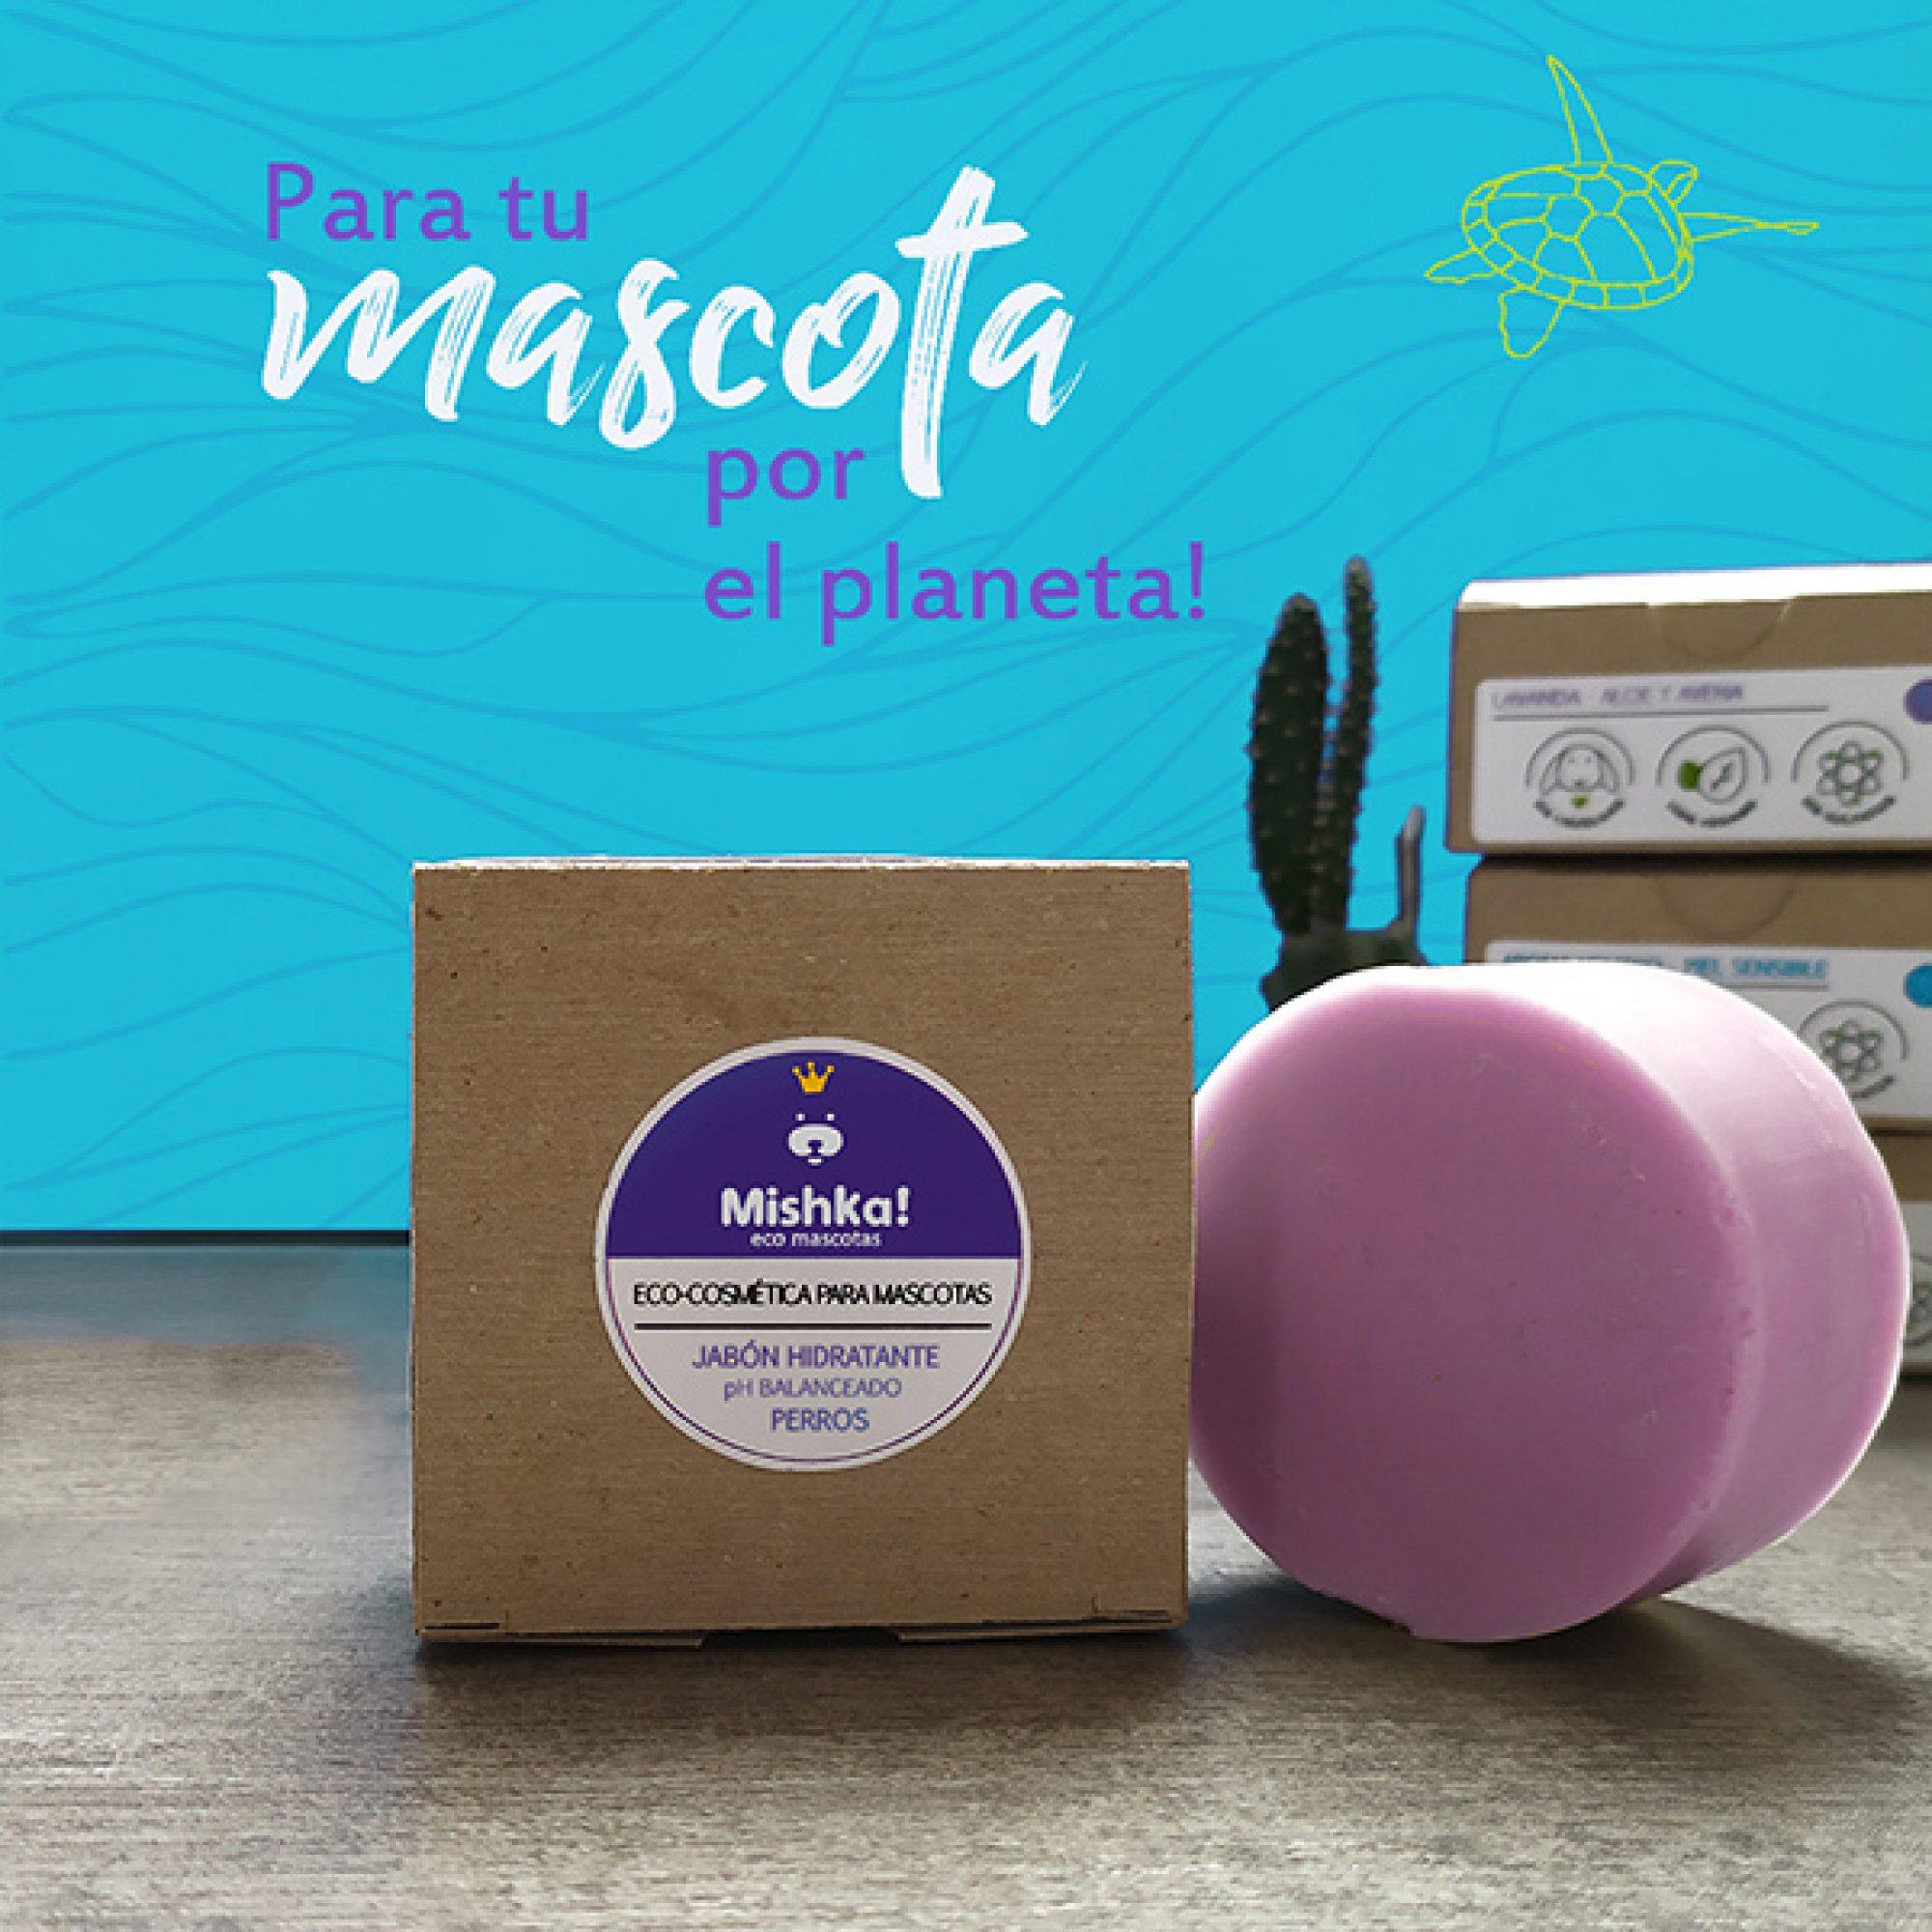 Mishka Jabón Hidratante Cosmética Ecológica Mascotas Aceite de oliva virgen extra; aceite de coco orgánico Con aceite esencial de Lavanda
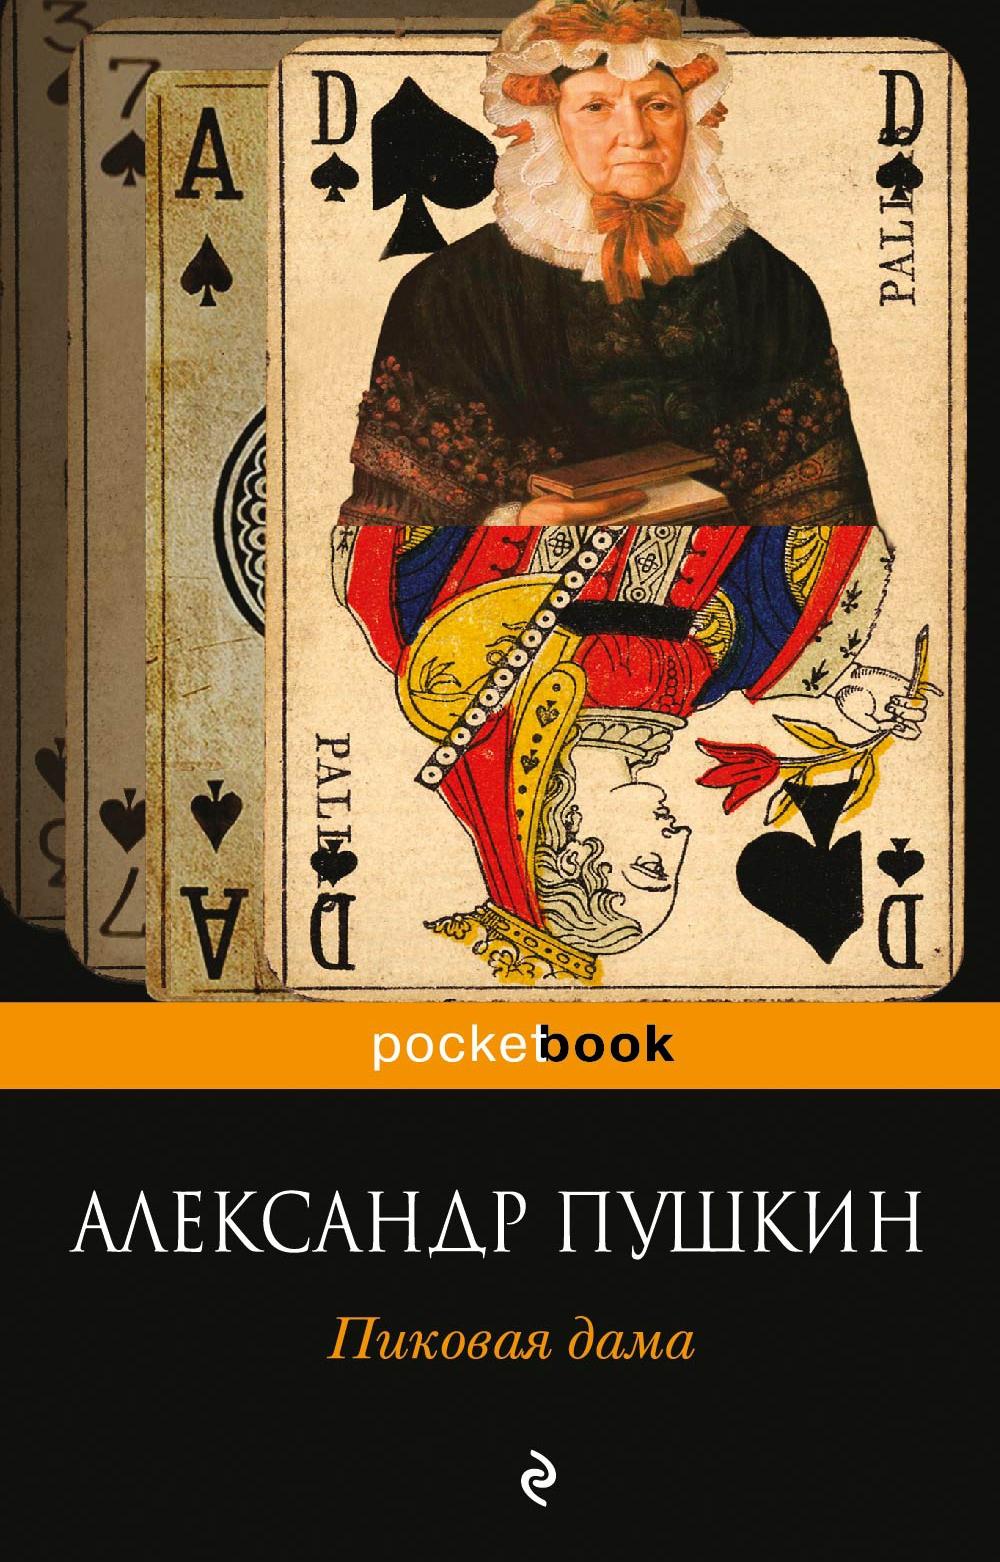 Скачать книгу пиковая дама а с пушкин
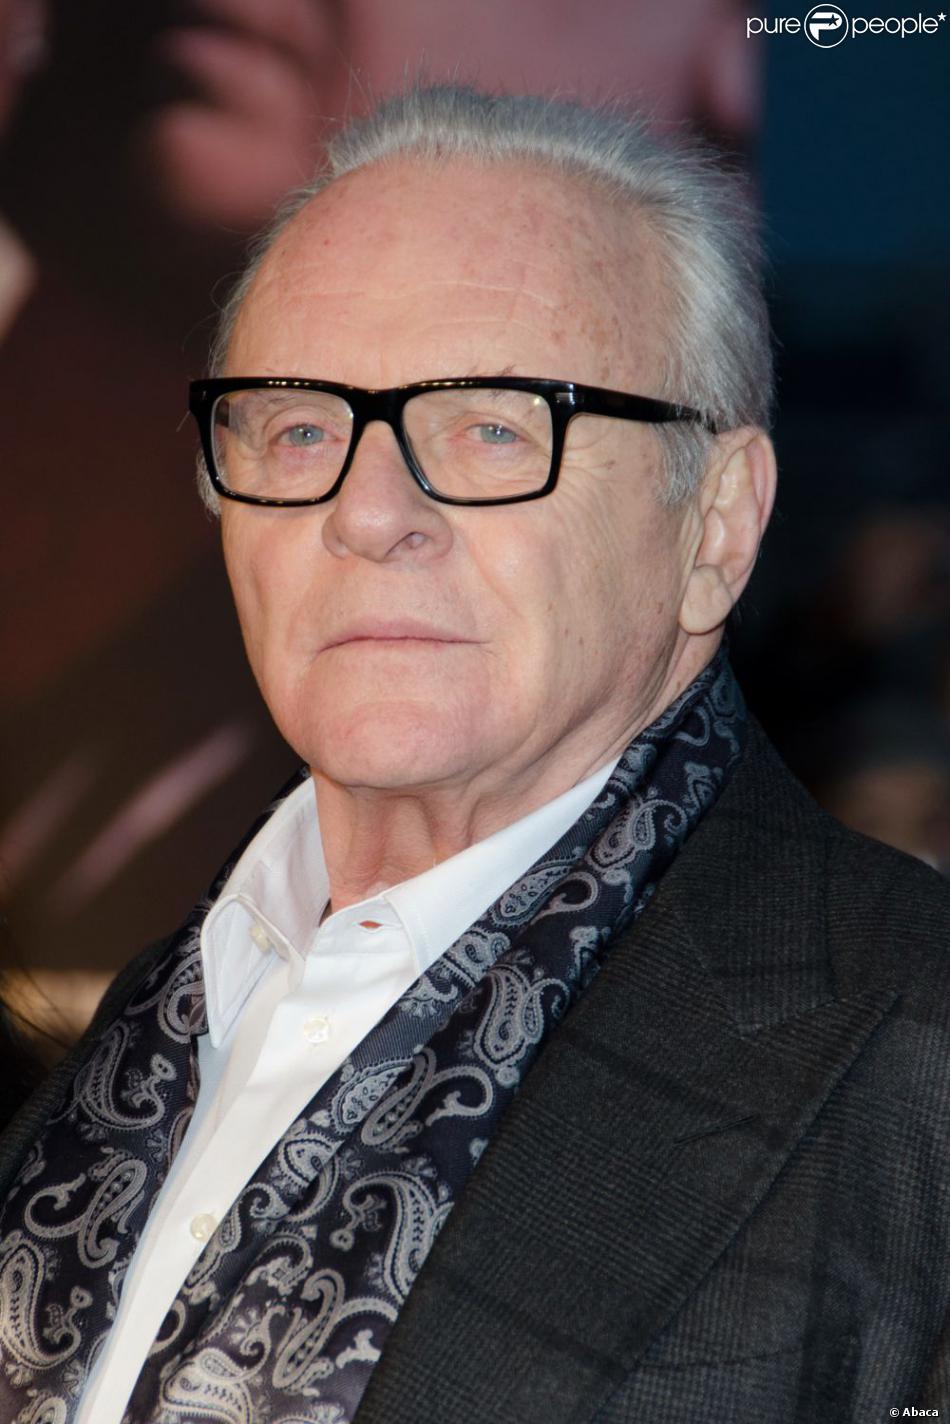 Sir Anthony Hopkins lors de l'avant-première du film Hitchcock le 9 décembre 2012
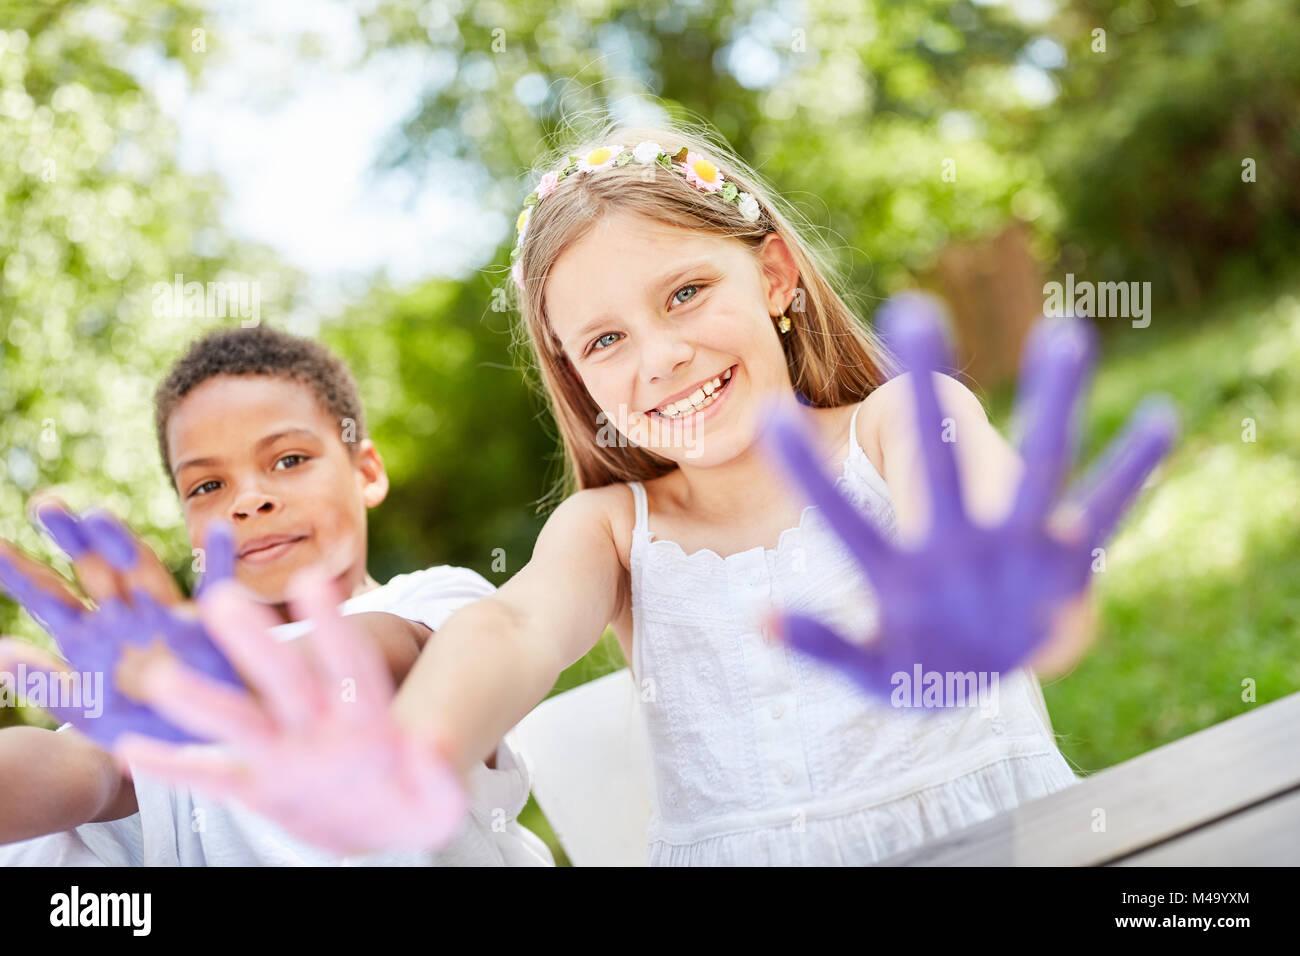 Los niños juegan y pintar con pinturas de dedos en la fiesta de cumpleaños en el jardín Imagen De Stock

================

• _What to do_: The whole listing is to be duplicated verbatim, apart from its images.

• _Response to the exercise_:
 Mishka Jabón Hidratante Cosmética Ecológica Mascotas Aceite de oliva virgen extra; aceite de coco orgánico Con aceite esencial de Lavanda
 Скачать книгу пиковая дама а с пушкин
 Sir Anthony Hopkins lors de l'avant-première du film Hitchcock le 9 décembre 2012
 Los niños juegan y pintar con pinturas de dedos en la fiesta de cumpleaños en el jardín Imagen De Stock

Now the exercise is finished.